After you have proven your busienss model and delivered a successful MVP which has seen traction in the market, you will have to appeal to a new customer segment which have similar, but different needs in your product. You have to start thinking about mainstream customers. Unlike early adopters, mainstream customers are more demanding in terms of product quality and reliable service. The channels and marketing messages to reach mainstream customers will also be a little different to those you used to reach early adopters; and as your customer numbers increase you cannot retain the intimacy you once had with customers.
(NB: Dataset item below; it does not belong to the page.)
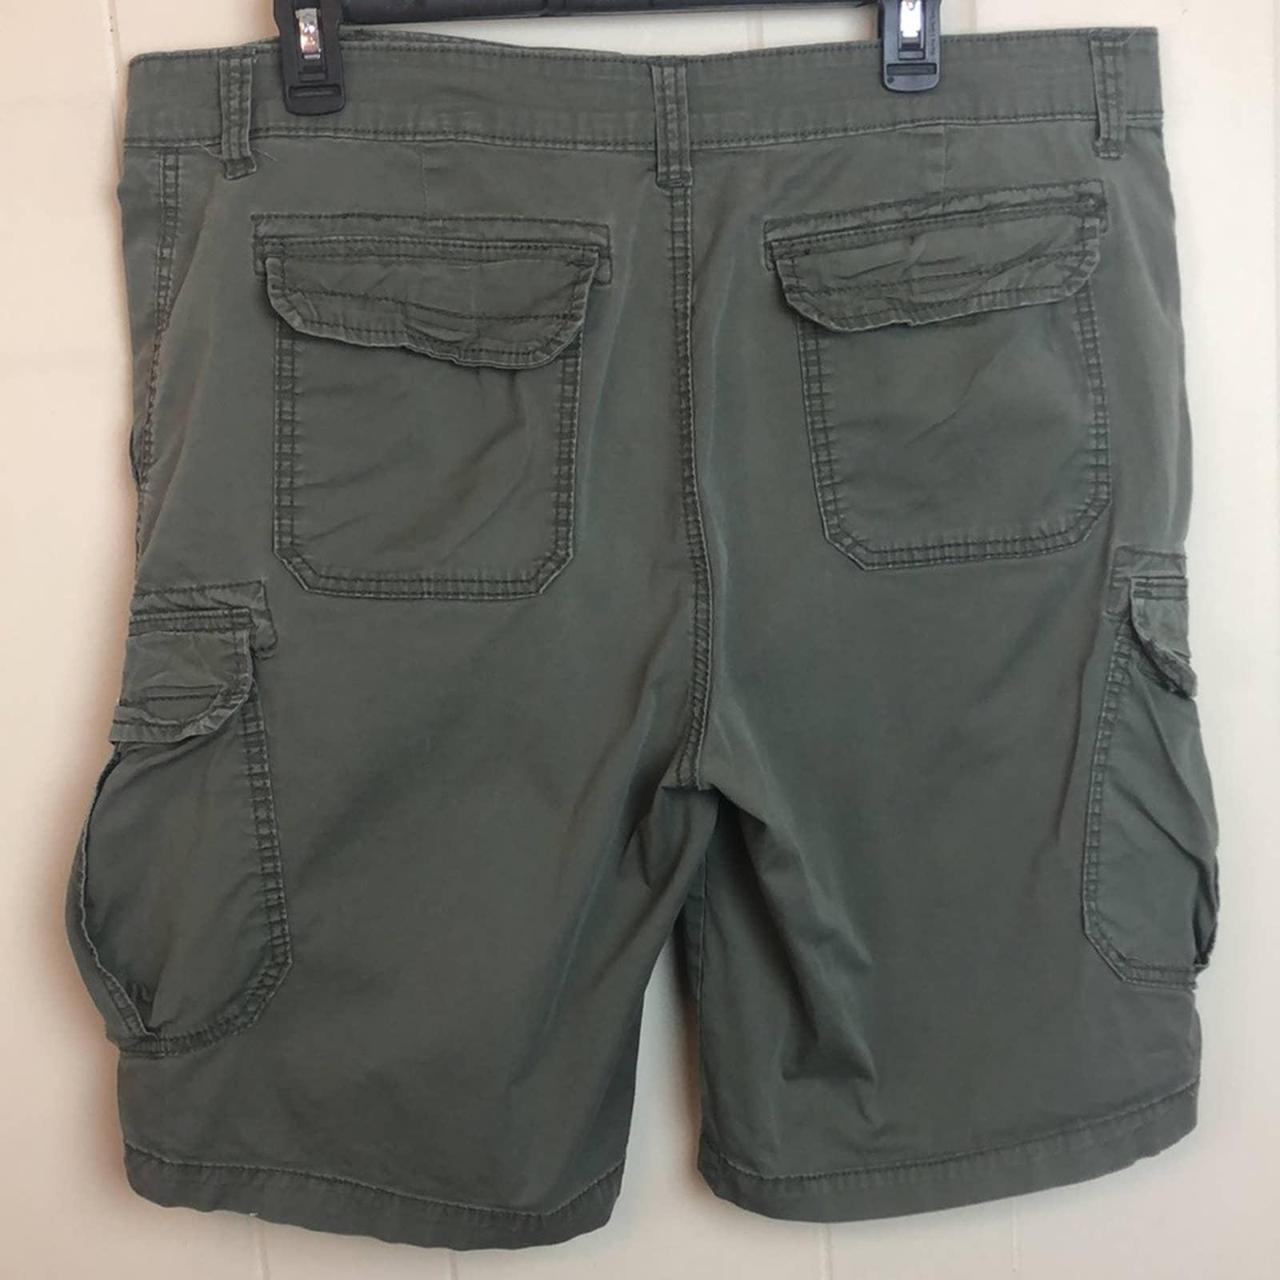 Union Bay Men's Green Shorts (2)

As such you need to adopt a different mindset. All of your learnings from the previous stage Validate, where you have proven there is a viable business model and provided a minimal solution to satisfy early adopter needs, will need to be reconfirmed as you take the product to scale. This includes the technology stack, levels of service provision and business model which will need to be continuously refined as you learn. When maturing operations for scale, your team’s culture will be challenged and will be expected to evolve. In most cases each challenge may slightly change the culture and you will need to be mindful of the direction it takes. These changes are needed to grow, but also risk negatively impacting growth if not managed well.
To go beyond innovators and early adopters there are several things that you now need to consider. The table below lists things which your early majority customers and beyond will expect over your early adopters which you’ll need to prepare for.
To maximise learning and product potential, we recommend you undertake the same hypotheses driven experimentation cycles, incorporating design thinking, lean and agile practices as explained in the first three stages of the Product Lifecycle Idea-Explore-Validate. These practices will help you understand and reach the Early Majority to successfully grow your product.